Bree clutched the figurine tighter, shivering in spite of the oppressive heat. She took a deep breath and picked up a faint, vaguely familiar scent.

Bree shook her head. It was impossible. There was no way the clay figure could still bear the odor of frankincense after lying buried in the sand for three thousand years. She didn’t know where the fanciful images in her mind were coming from. Nothing about the tiny statue told her it depicted a slave. It could just as easily have been commissioned by one of the temple prostitutes to advertise her charms.

Bree laid the statue down and chose another figurine, this one a male. He was on his knees, sporting a huge phallus. Bree did a quick calculation. Applying a ratio based on the image’s overall body size, the erect penis would be approximately twenty inches long on a live male. She smiled, idly stroking the stiff protrusion. Based on her limited experience, the figurine definitely depicted a mythical being.

The team worked tirelessly, occasionally taking a break for water or one of the dry sandwiches that tasted like tinned mystery meat basted with sand. They all ate sparingly, knowing the Bedouin cook was busy preparing their usual evening feast.

Every night after sundown, the team had been presented with an enormous platter of stewed goat or lamb surrounded by rice and couscous simmered in exotic spices. The meal often included sweet chunks of dates or other tasty morsels they didn’t recognize.

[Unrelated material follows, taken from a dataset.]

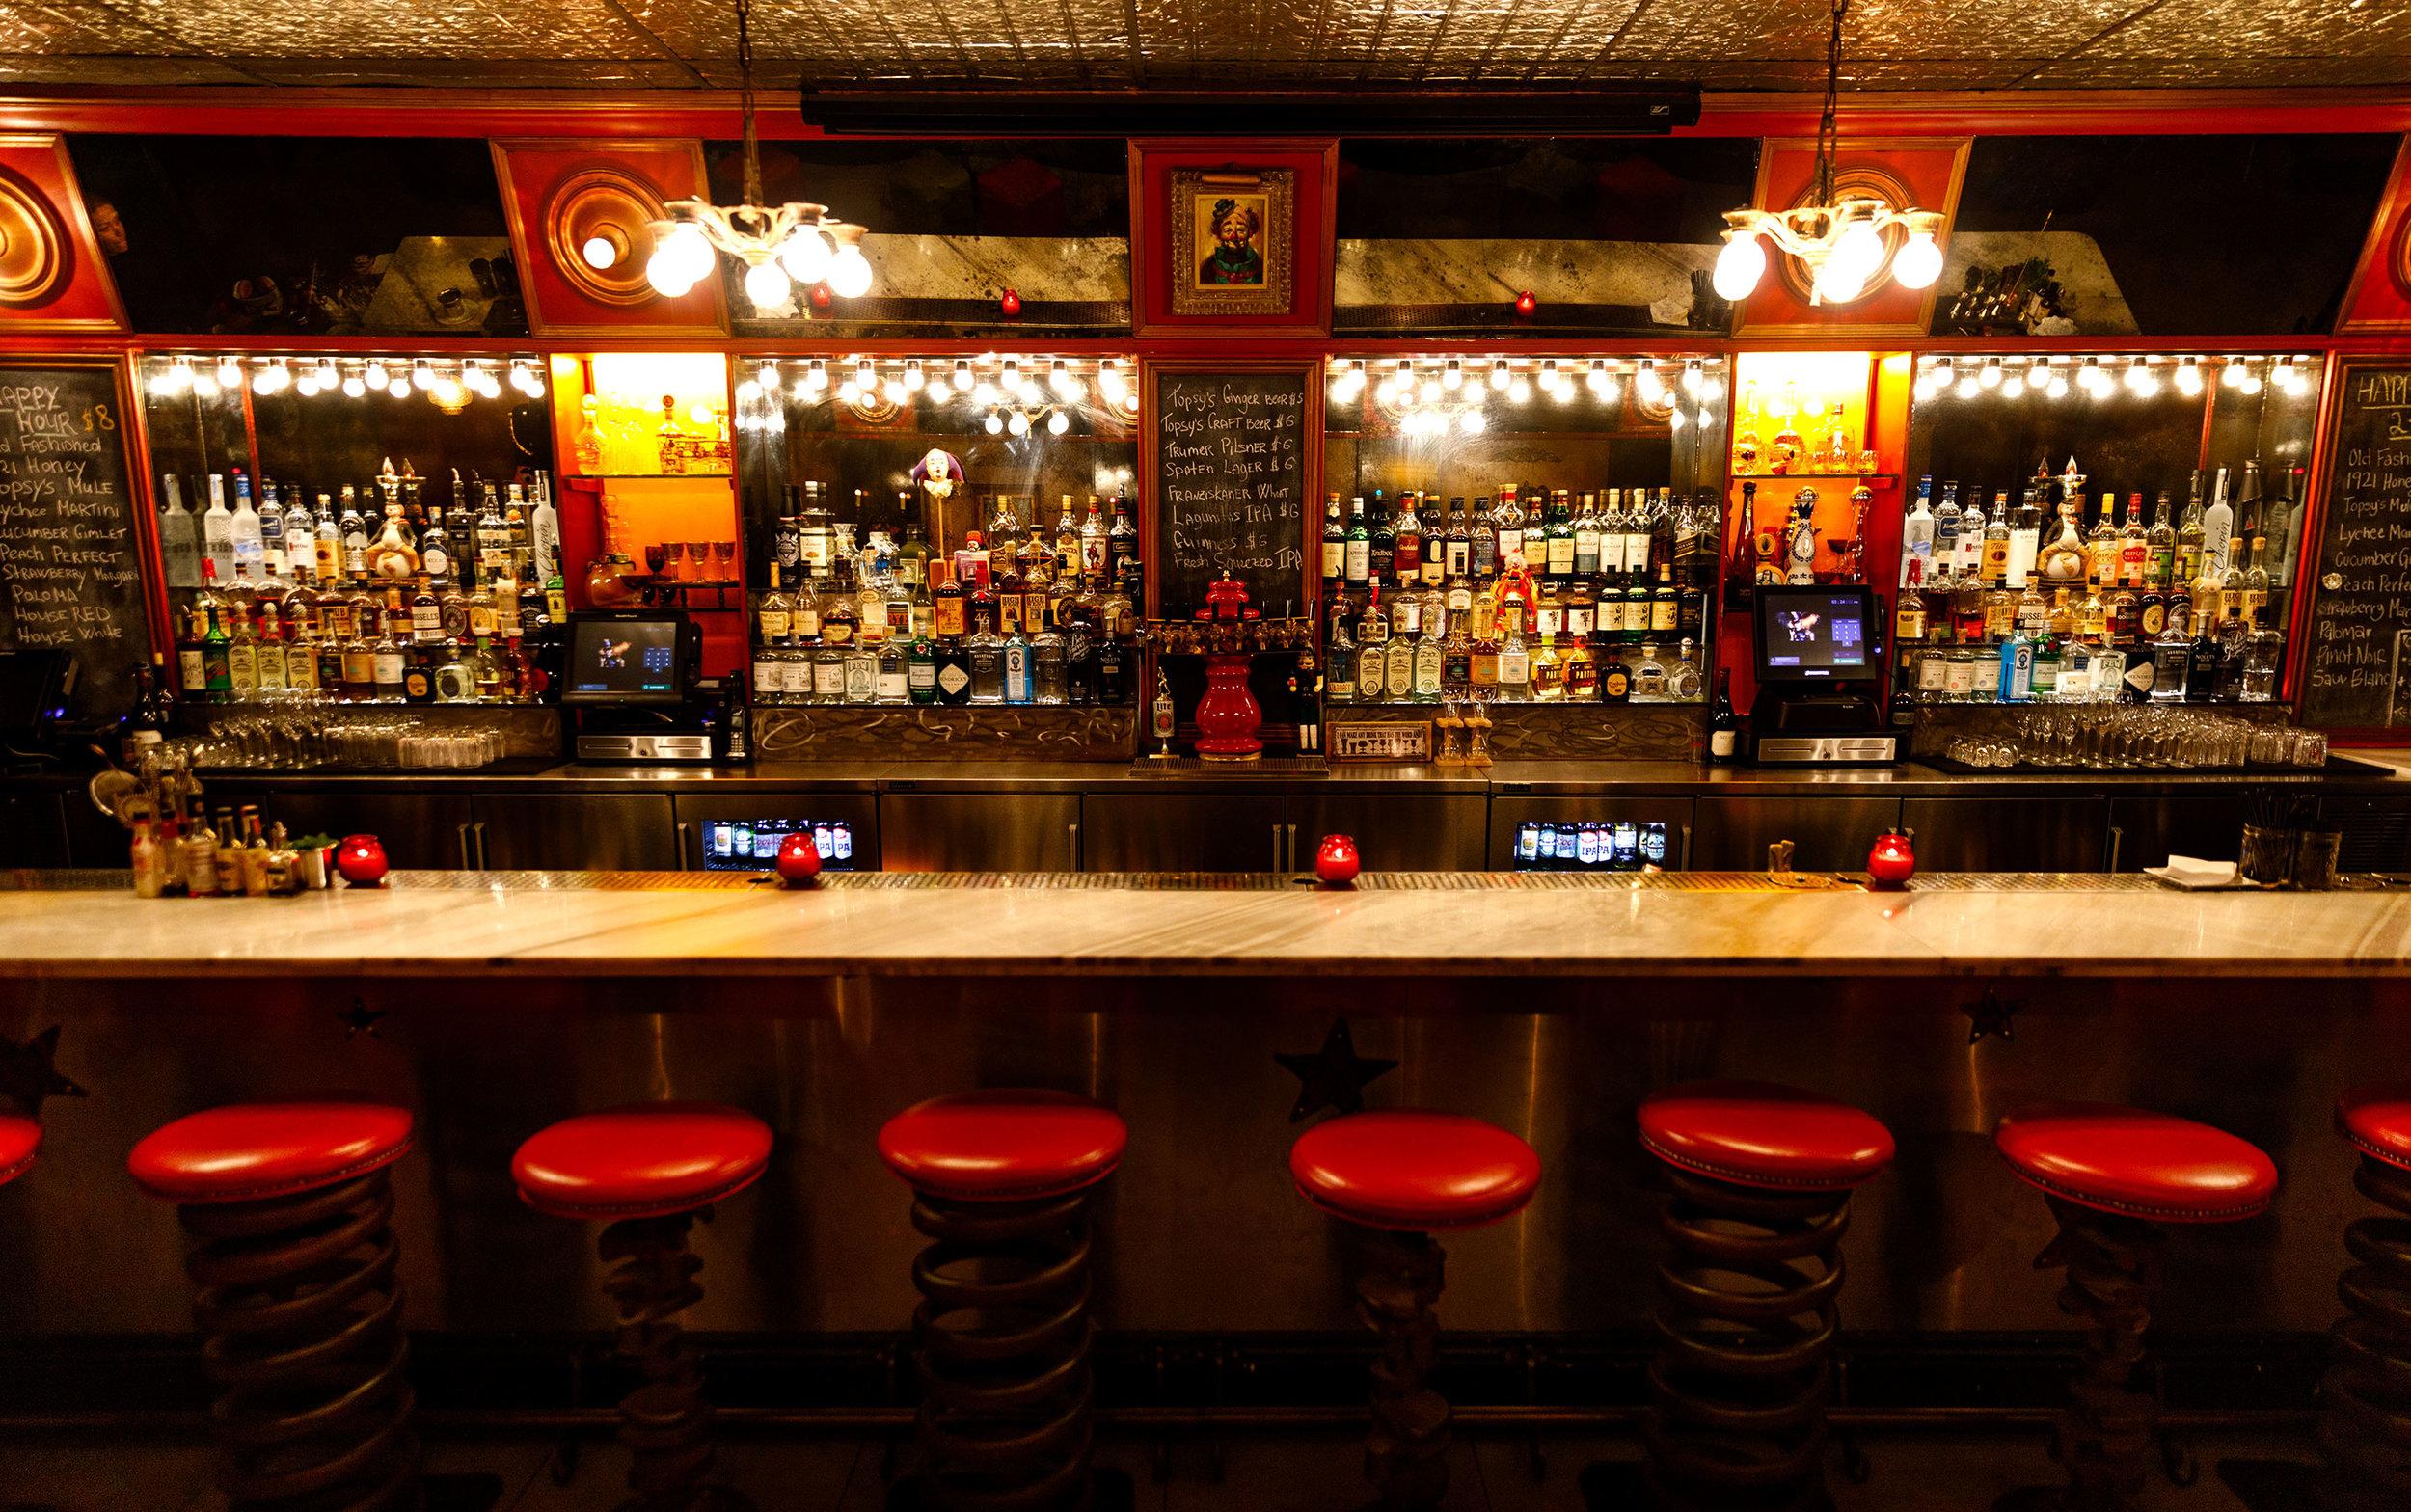 Topsy's Bar

One night, the cook served what he said was a special delicacy alongside chunks of mutton. Owen helped himself to one of the roasted morsels but Jess passed, saying she wanted to take a closer look before trying them. She let out a shriek just as he bit into it, squirting what she later swore was eyeball juice all over the platter.

“Chow time, Doc.”

Bree glanced up in surprise. The tent was empty, except for Alice, who was stuffing her precious site maps in a canvas bag to protect them from the dust storms that sprang up with no warning.

“Where did everyone go?”

“They’ve been back at the dig for hours. You were so lost in studying those figurines, you didn’t even hear them leave. It’s nearly dark. The fire is crackling, and Abdullah has our meal ready. I don’t know about you, but I’m beat. It’s time to knock off for the day.”

Bree stretched her cramped muscles and looked around. Half a dozen statues lay on the tray in front of her, joined together in obscene poses.

“I told Owen to knock it off,” she muttered, annoyed.

Alice stared at her. “Owen didn’t do that. You did.”

“What!”

The young woman looked faintly embarrassed. “You’ve been playing with them for hours,” she said softly. “Rearranging them, talking to yourself, even humming and singing.”

“That’s not funny,” Bree snapped.

“I didn’t think it was funny either,” Alice replied. “In fact, you scared me a little. It was like you were off in some other world.”

“It must have been all that time I spent outside this morning without a break. Maybe I was having hallucinations brought on by dehydration.”